%matplotlib inline

import numpy as np
import matplotlib.pyplot as plt
from scipy import stats
import scipy.io as spio

Bayesian linear regression¶

In this exercise session we consider the supervised regression problem of finding a function $f(x)$ that describes the relationship between a scalar input $x$ and a scalar output $y$:

$$ y = f(x) + \epsilon, \qquad \epsilon \sim \mathcal{N}(0, \beta^{-1}). $$

We model this with a Bayesian linear regression model

$$ f(x) = \boldsymbol{\phi}(x)^{\mathsf{T}} \mathbf{w}, \qquad \mathbf{w} \sim \mathcal{N}(\boldsymbol{\mu}_0, \mathbf{S}_0), $$

where $\boldsymbol{\phi}(x)$ is a vector of the input features. Note that we used the notation $\mathbf{x}$ for the input features in the lecture. We changed this notation to $\boldsymbol{\phi}(x)$ here in order to not mix it up with the scalar input $x$.
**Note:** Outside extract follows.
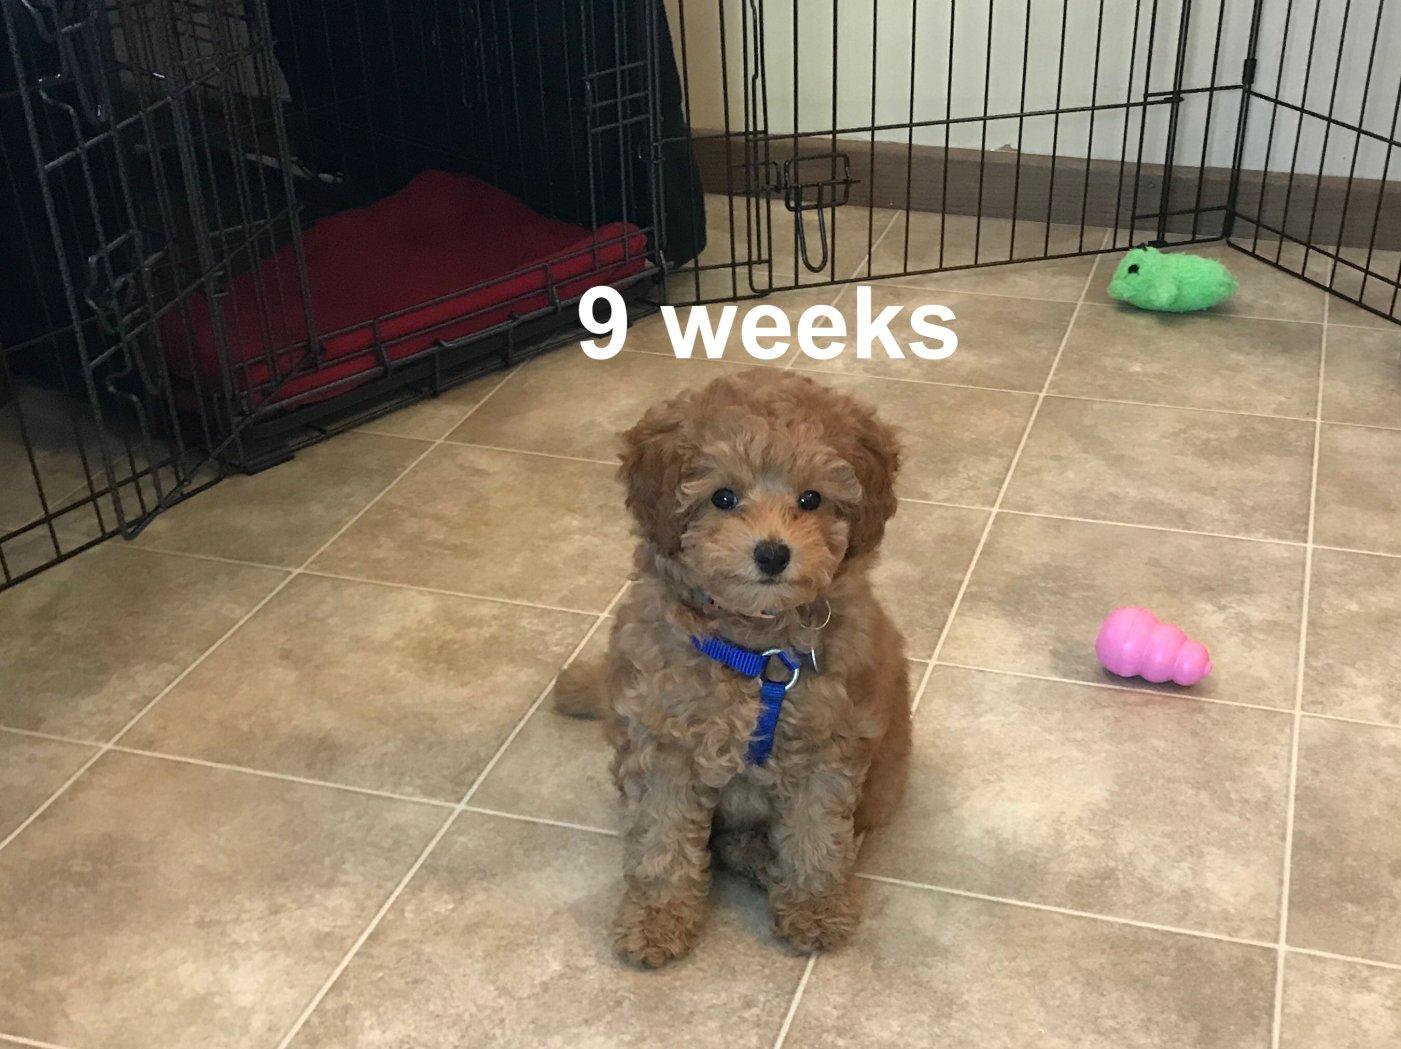 52 weeks of Lacey Rose-341ca1a3-779c-4da7-8aa7-e65e0e409516.jpg

The Bayesian linear regression model is then given by

$$ \begin{aligned} p(\mathbf{y} \,|\, \mathbf{w}) &= \mathcal{N}(\mathbf{y}; \boldsymbol{\Phi}\mathbf{w}, \beta^{-1}\mathbf{I}_N) \qquad && \text{(likelihood)}, \\ p(\mathbf{w}) &= \mathcal{N}(\mathbf{w}; \mathbf{m}_0, \mathbf{S}_0) \qquad && \text{(prior)}, \end{aligned} $$

where

$$ \boldsymbol{\Phi} = \begin{bmatrix} \boldsymbol{\phi}(x_1)^{\mathsf{T}} \\ \vdots \\ \boldsymbol{\phi}(x_N)^{\mathsf{T}} \end{bmatrix} \qquad \text{and} \qquad \mathbf{y} = \begin{bmatrix} y_1 \\ \vdots \\ y_N \end{bmatrix}. $$

Given a set of training data of inputs and outputs $\mathcal{D} = \{(x_i, y_i)\}_{i=1}^N$, we are interested in finding the posterior of the weights $p(\mathbf{w} \,|\, \mathbf{y})$ and also the predictive distribution $p(f(x_{\star}) \,|\, \mathbf{y})$ of unseen input $x_{\star}$. For further information about the Bayesian linear regression model see Lecture 3 and/or Christopher Bishop's book "Pattern recognition and machine learning".
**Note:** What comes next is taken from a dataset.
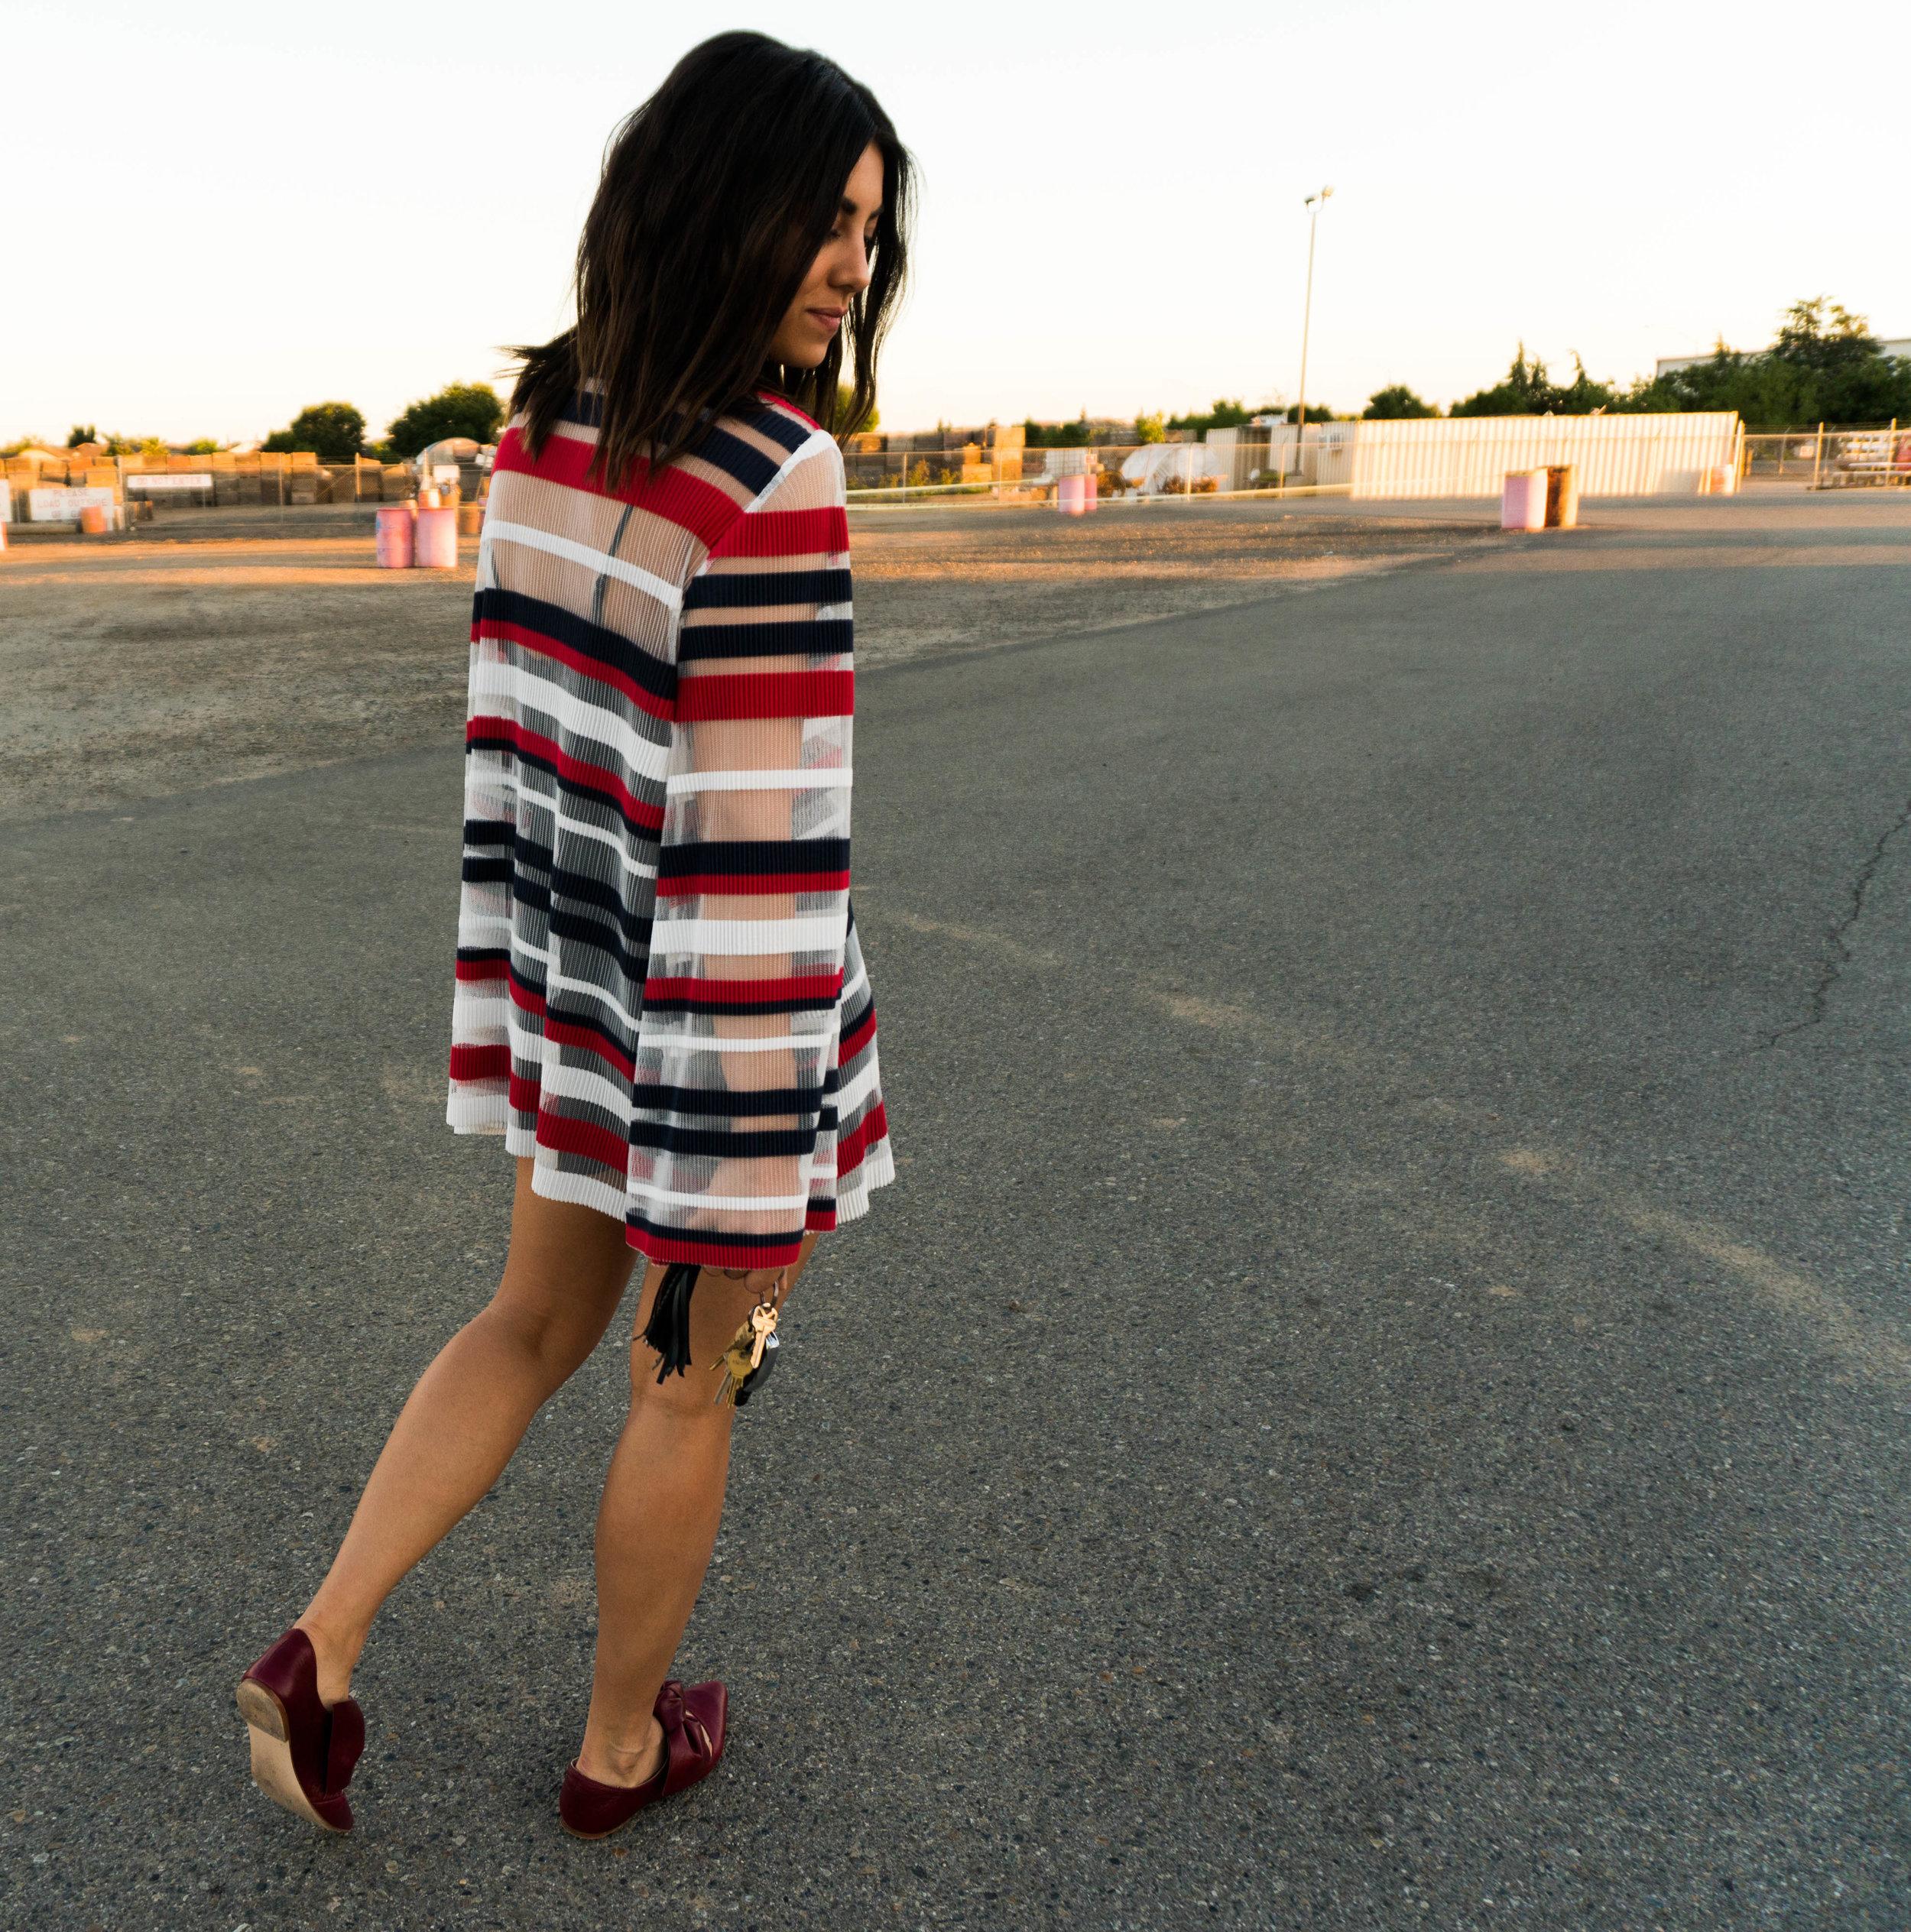 Free People Call Me Mini Dress - Date Night Look - Just As Created 4

Exercise 3.1: Understanding the code¶

Download the files `lindata.mat` and `nlindata.mat` and save them to the folder of this notebook. These datasets are borrowed from Philipp Hennig's course "Probabilistic machine learning", given at the University of Tübingen.

The following code cell loads inputs, outputs, and precision parameter from lindata.mat and plots the feature vector

$$ \boldsymbol{\phi}(x)^{\mathsf{T}} = [1, x]. $$

# Load data from disk
# File should be in the same folder as the Jupyter notebook,
# otherwise you have to adjust the path
data = spio.loadmat("lindata.mat")
x = data["X"].flatten() # inputs
y = data["Y"].flatten() # outputs
beta = float(data["sigma"])**(-2) # measurement noise precision
N = x.size

# Define the feature vector
def Phi(a):  # Phi(a) = [1, a]
    return np.power(np.reshape(a, (-1, 1)), range(2))

# Plot the features
plt.plot(x, Phi(x), '-o')
plt.title('features')
plt.xlabel('x')
plt.ylabel('y')
plt.show()

We then compute the posterior distribution of the weights $\mathbf{w}$ of a Bayesian linear regression model using these features.

# Define the prior on the weights
# p(w) = N(w; m0, S0)
D = Phi(0).size  # number of features
m0 = np.zeros(D)
S0 = 10*np.eye(D) / D

# Compute the posterior distribution of the Bayesian linear regression model
# p(w | y) = N(w; mN, SN)
SN = np.linalg.inv(np.linalg.inv(S0) + beta * Phi(x).T @ Phi(x))
mN = SN @ (np.linalg.inv(S0) @ m0 + beta * Phi(x).T @ y)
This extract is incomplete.